* _Dataset extract_
────────────────

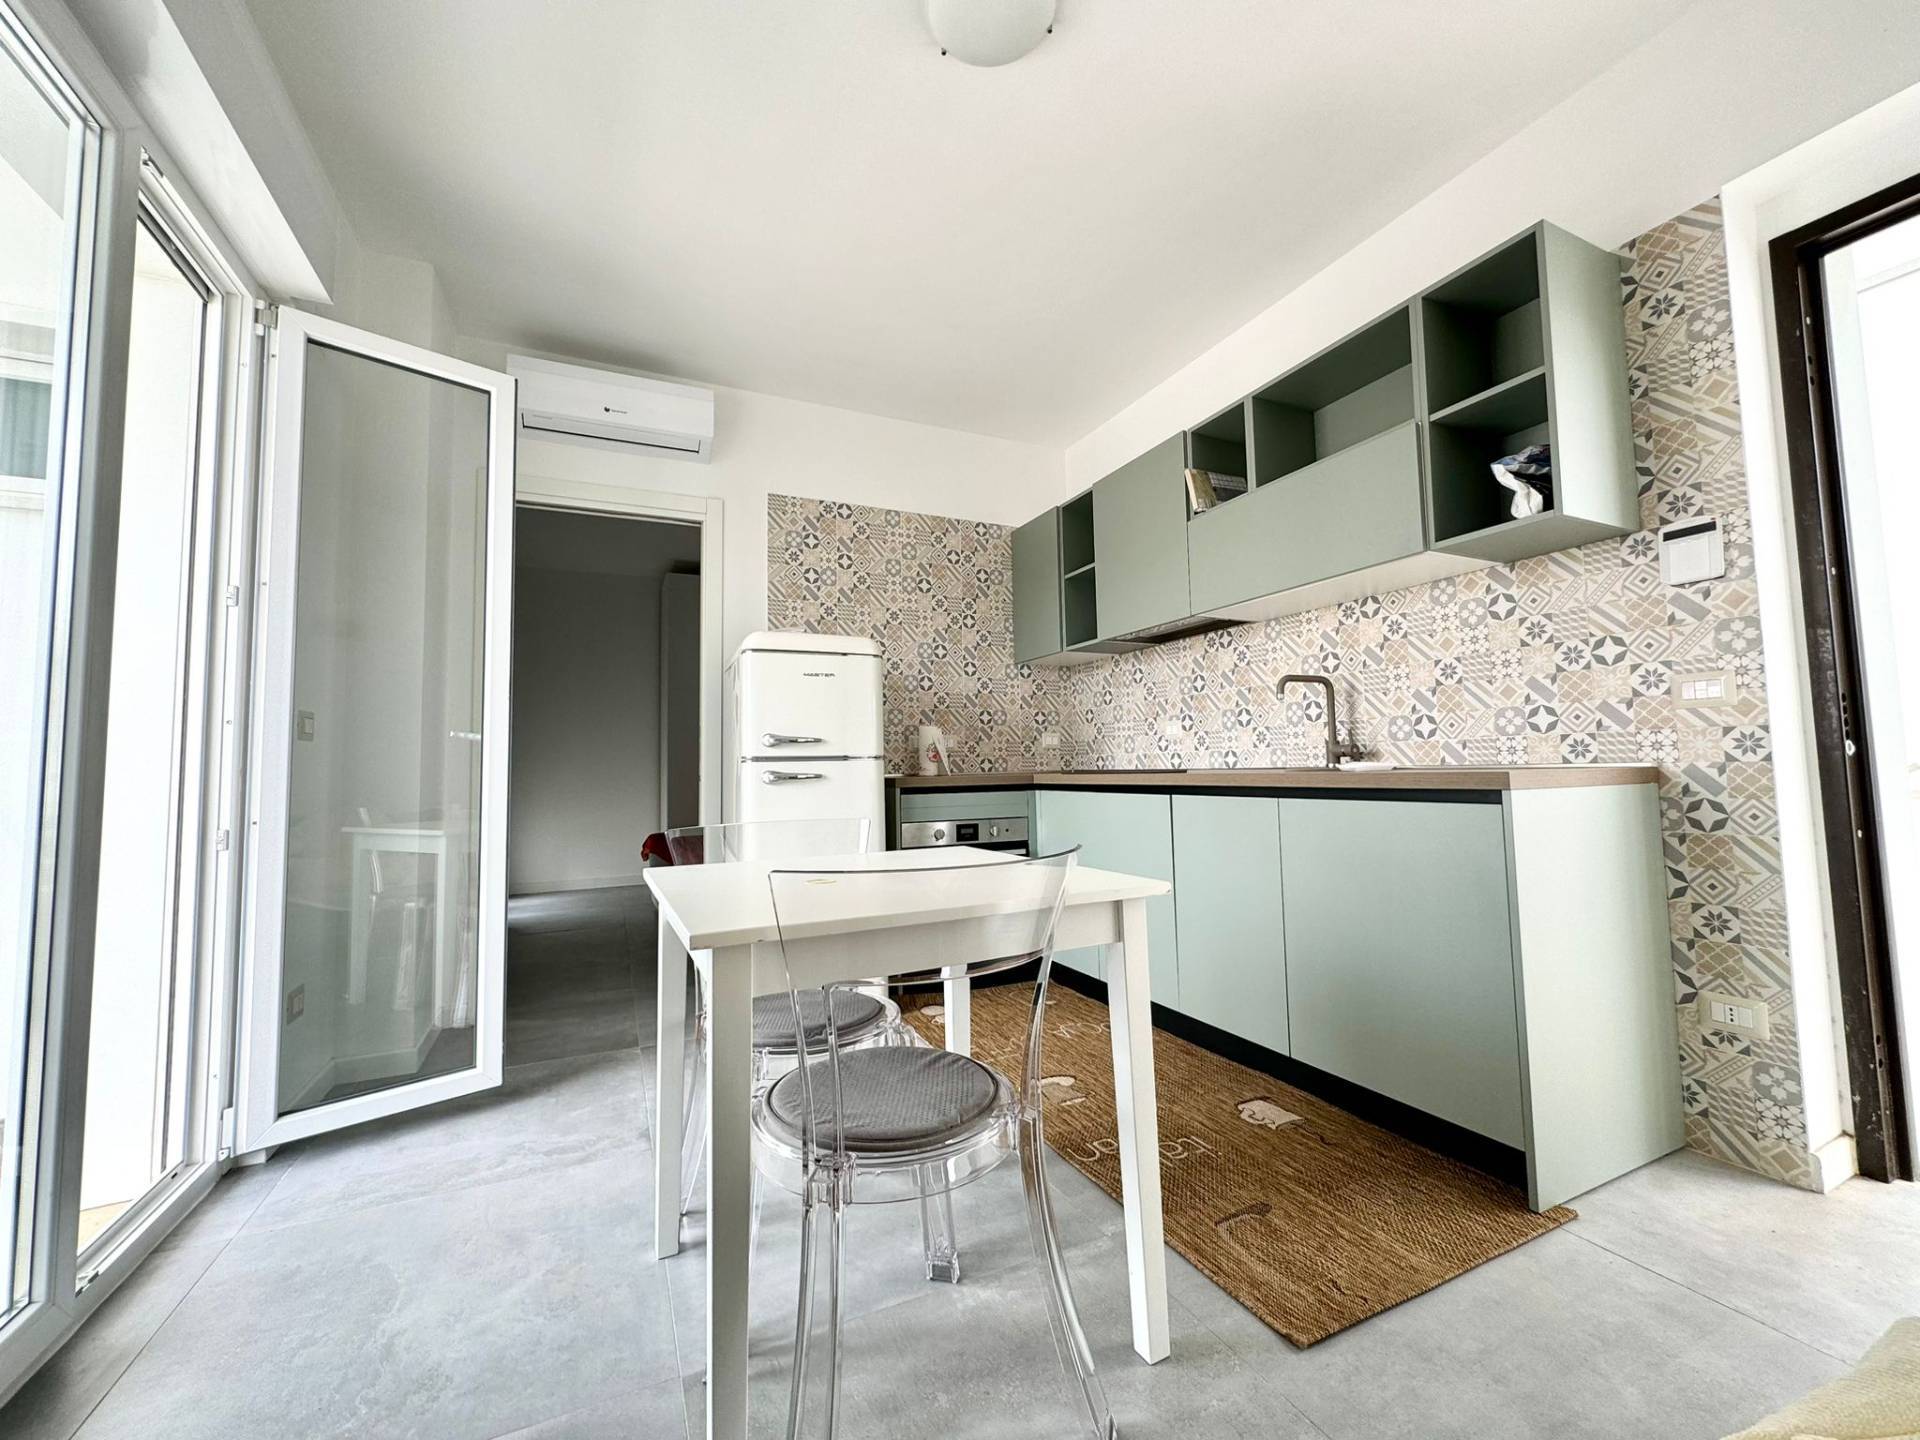 Appartamento in vendita a Lesina, 2 locali, prezzo € 70.000 | PortaleAgenzieImmobiliari.it
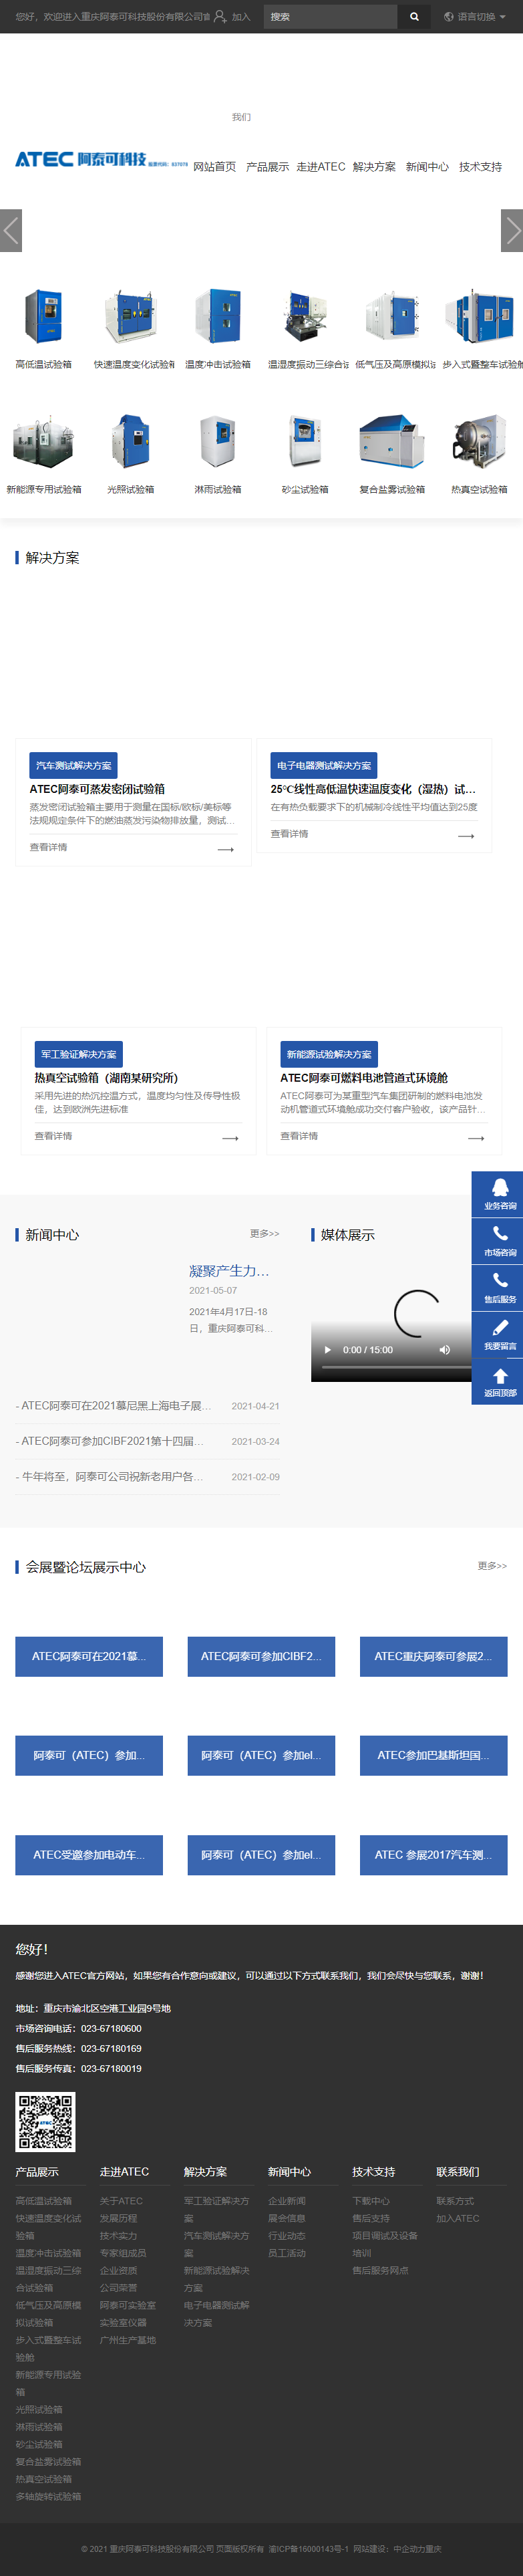 重庆阿泰可科技股份有限公司网站案例
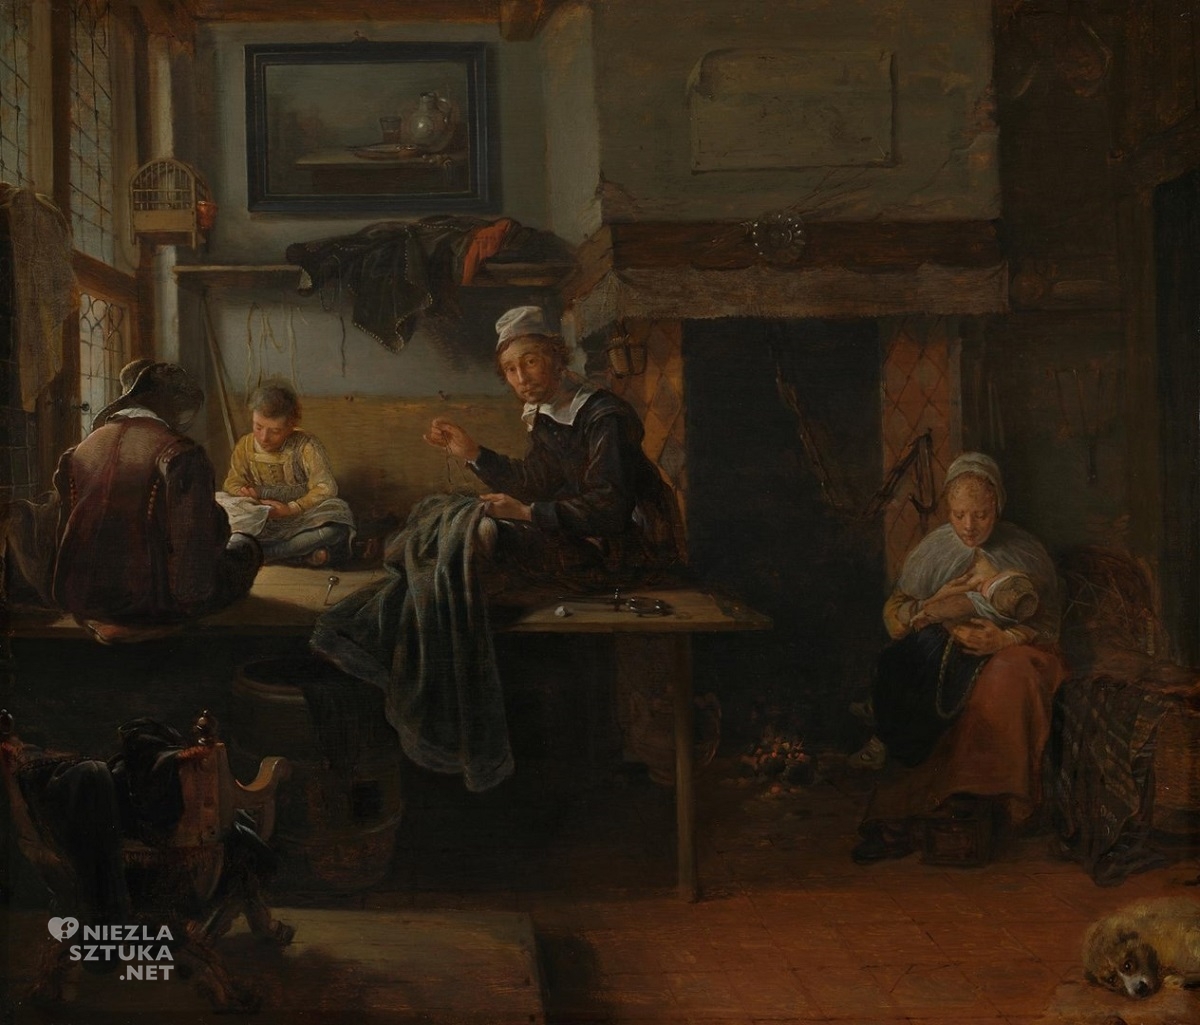 Quiringh van Brekelenkam, Wnętrze krawieckiego warsztatu, malarz holenderski, sztuka niderlandzka, Niezła Sztuka

────────────────

* _Assignment_
Word for word, give again the lines from the line holding "重庆阿泰可科技股份有限公司网站案例" through the last line of the material, both included; pictures are not part of the copy.

* _Exercise response_
 重庆阿泰可科技股份有限公司网站案例
 Quiringh van Brekelenkam, Wnętrze krawieckiego warsztatu, malarz holenderski, sztuka niderlandzka, Niezła Sztuka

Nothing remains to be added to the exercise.